Do mesmo modo, o tapa de Tereza vai além do rosto de Helena e atinge todo um grupo social que, bem ou mal, se vê representado em Taís Araújo. Esta, ao protagonizar a trama de um referendado dramaturgo fez que um bom número de desavisados acreditasse que sua participação poderia ser o anúncio de novos caminhos para as representações sociais destinadas às mulheres negras brasileiras: o lugar do objeto, da serviliência, da falta de direitos, da invisibilidade… O lugar do não lugar. A bofetada em Helena é um sopapo na cara de Taís Araújo e de tantas mulheres e meninas negras que sabem exatamente qual é, nesse país, o peso cruel da condição de ser negra e de ser mulher.
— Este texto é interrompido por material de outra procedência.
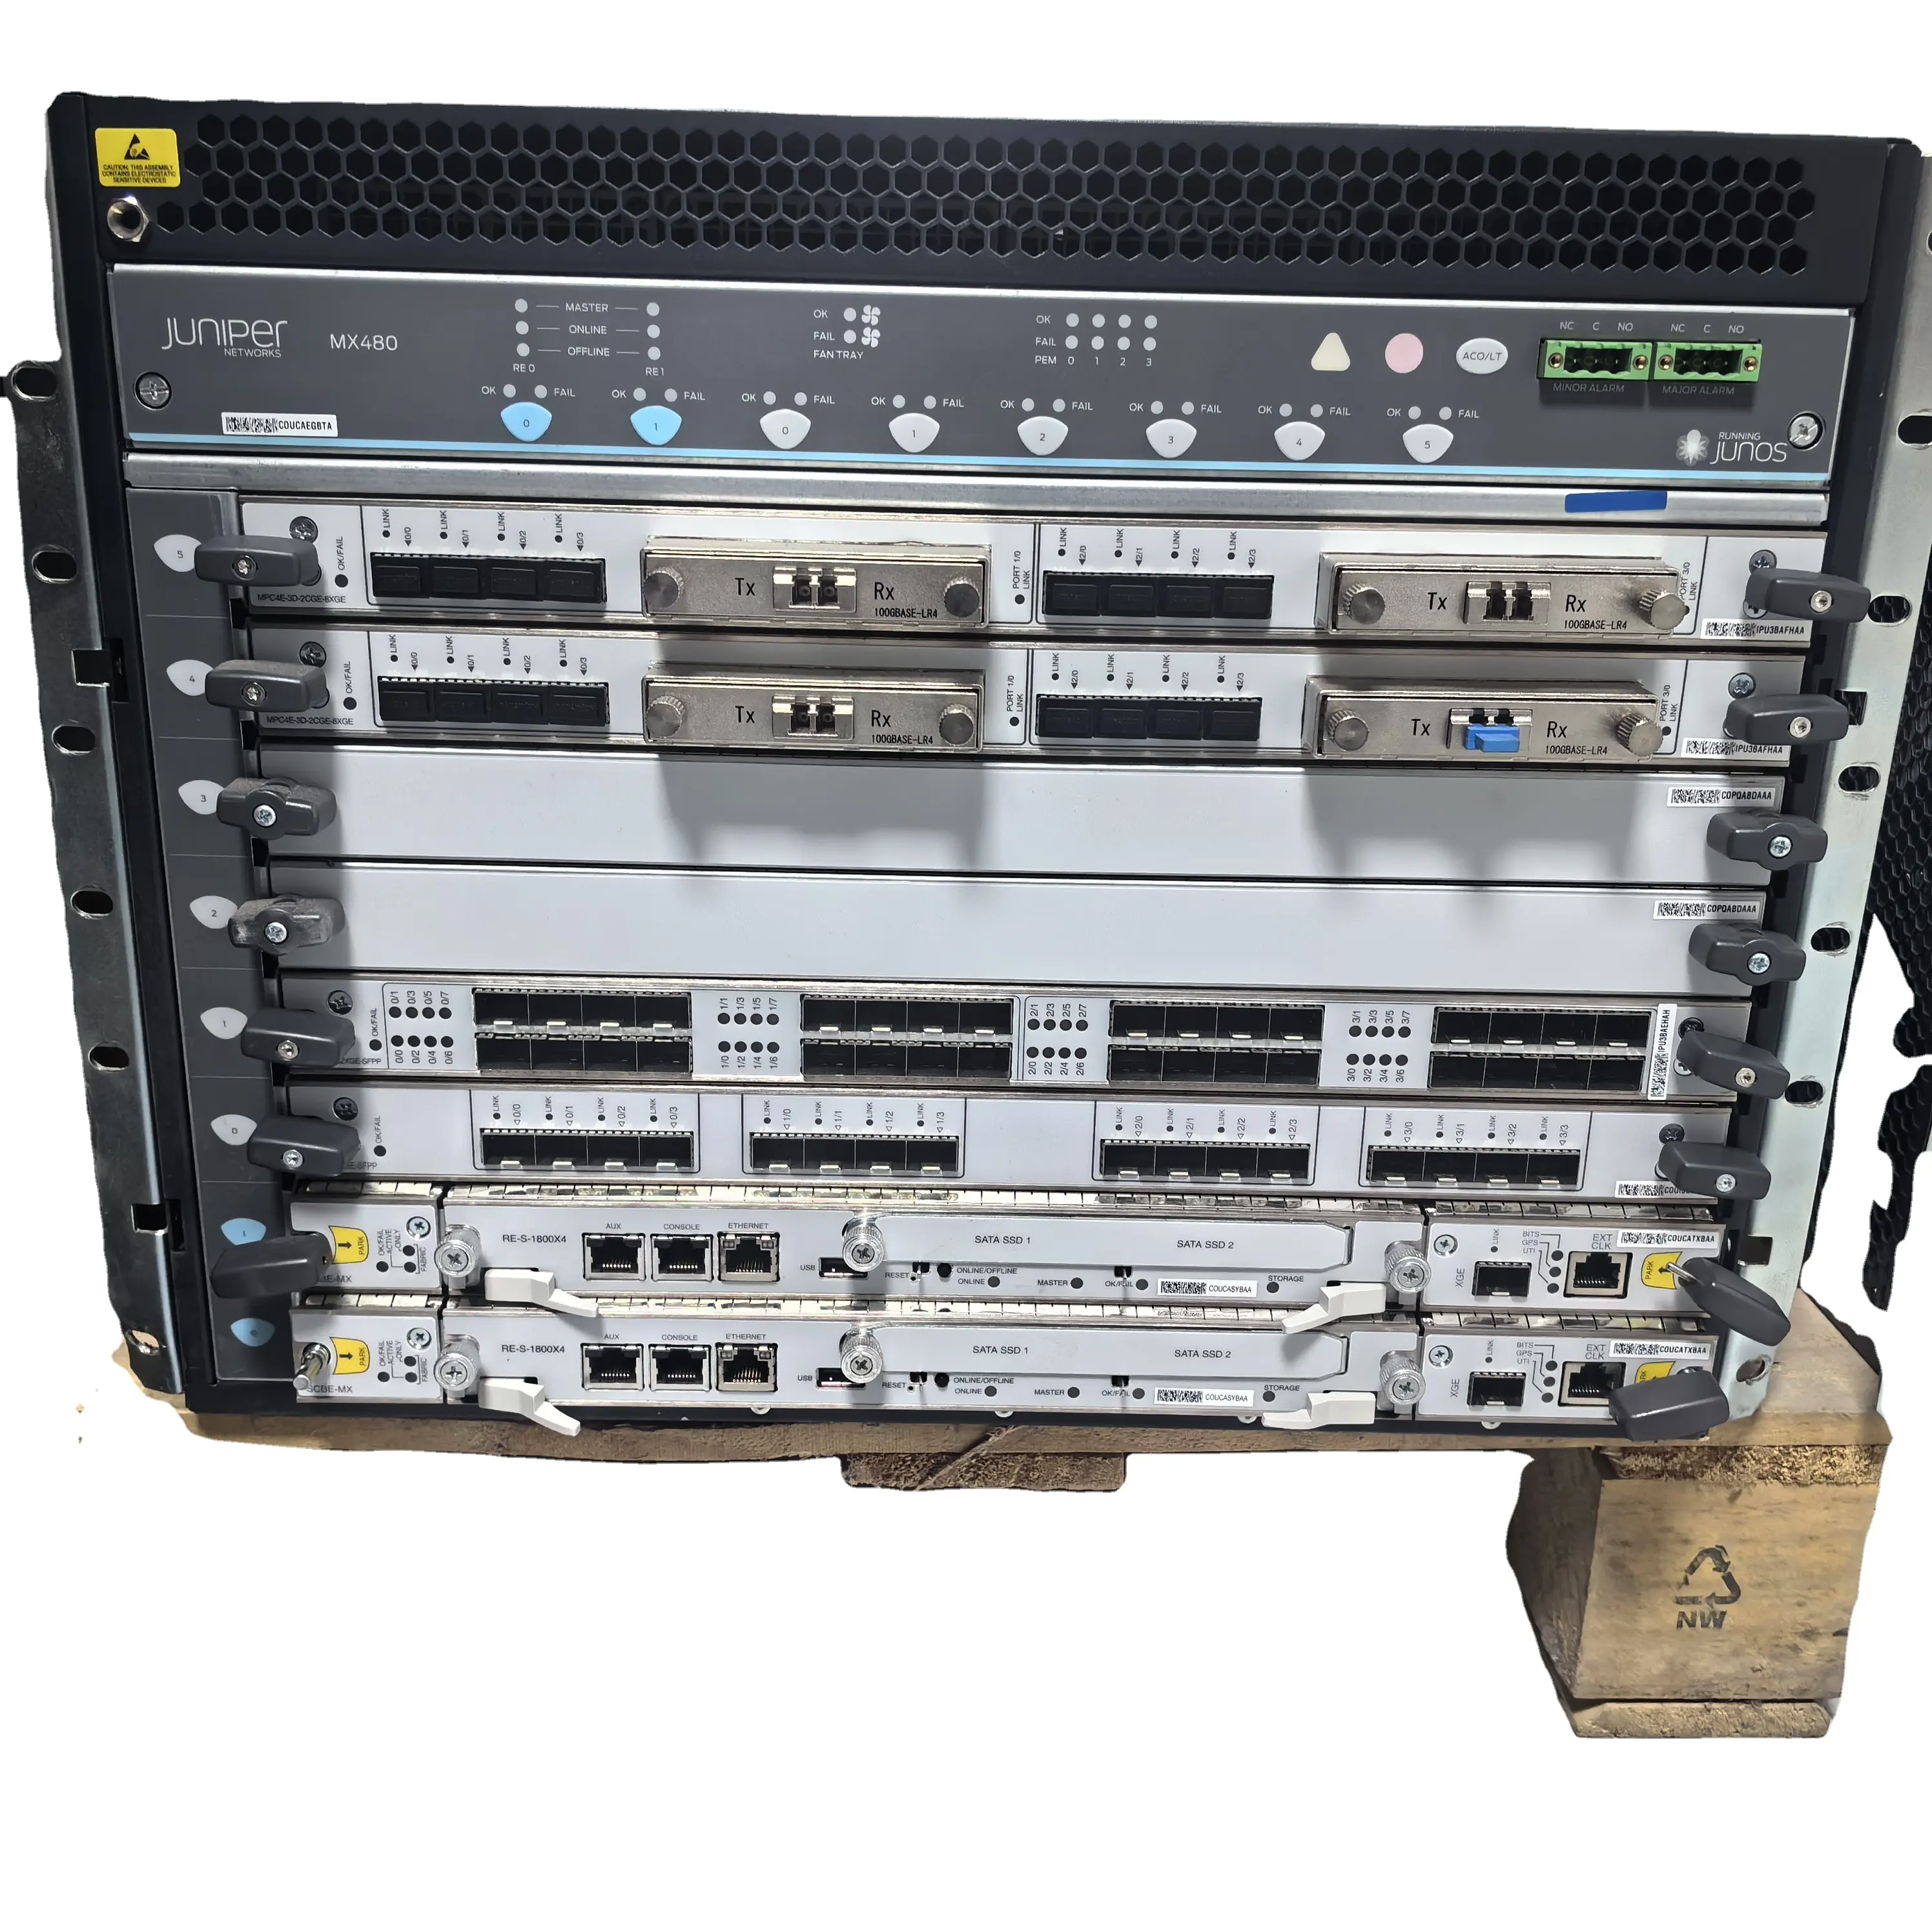 प्रयुक्त जुनिपर नेटवर्क राउटर्स MX480BASE-AC में 4 बिजली आपूर्ति और 2 पंखे शामिल हैं, बिजनेस कार्ड शामिल नहीं हैं

Geysa Arruda, aluna da Unibam, e Taís Araújo, primeira protagonista negra do horário nobre, são as “anti heroínas” desse mês de Zumbi. Em situações diferentes, porém similares, protagonizaram em contextos diversos, e ganhando a cena nacional, episódios da flagrante condição machista e racista da sociedade brasileira. Seja pelo jaleco branco cobrindo o corpo de Geysa da fúria machista, seja pela bofetada repousada na cara preta de Taís Araújo, mais uma vez a sociedade brasileira tem provas contumazes do quanto ainda é preciso caminhar em direção a uma sociedade verdadeiramente inclusiva e democrática. Por enquanto, as mulheres brasileiras continuam sendo as que precisam se explicar quando mostram minimamente gerência sobre seus corpos, e se negras, a explicação, por vezes, precisa ser feita de joelhos. E quando uma mulher está ajoelhada na posição da subalternidade, quando apenas uma mulher está proibida de decidir sobre seu corpo, todas, sem exceção, estão sendo covardemente esbofeteadas.

Bibliografia

Calligaris, Contardo. A turba da Uniban. Disponível em http://64.233.163.132/search?q=cache:tREO-xH4vOwJ:contardocalligaris.blogspot.com/2009/11/turba-da-uniban.html+calligari+caso+uniban&cd=2&hl=pt-BR&ct=clnk&gl=br. Consultado em 27/11/2009.
D’INCAO, Maria Ângela. Mulher e família burguesa. In: DEL PRIORE, Mary (org). História das mulheres no Brasil. São Paulo: Contexto, 2007, p.223-240.

SANTOS, Milton & SILVEIRA, Maria Laura. O Brasil: território e sociedade no início do século XXI. Rio de Janeiro: Record, 2003.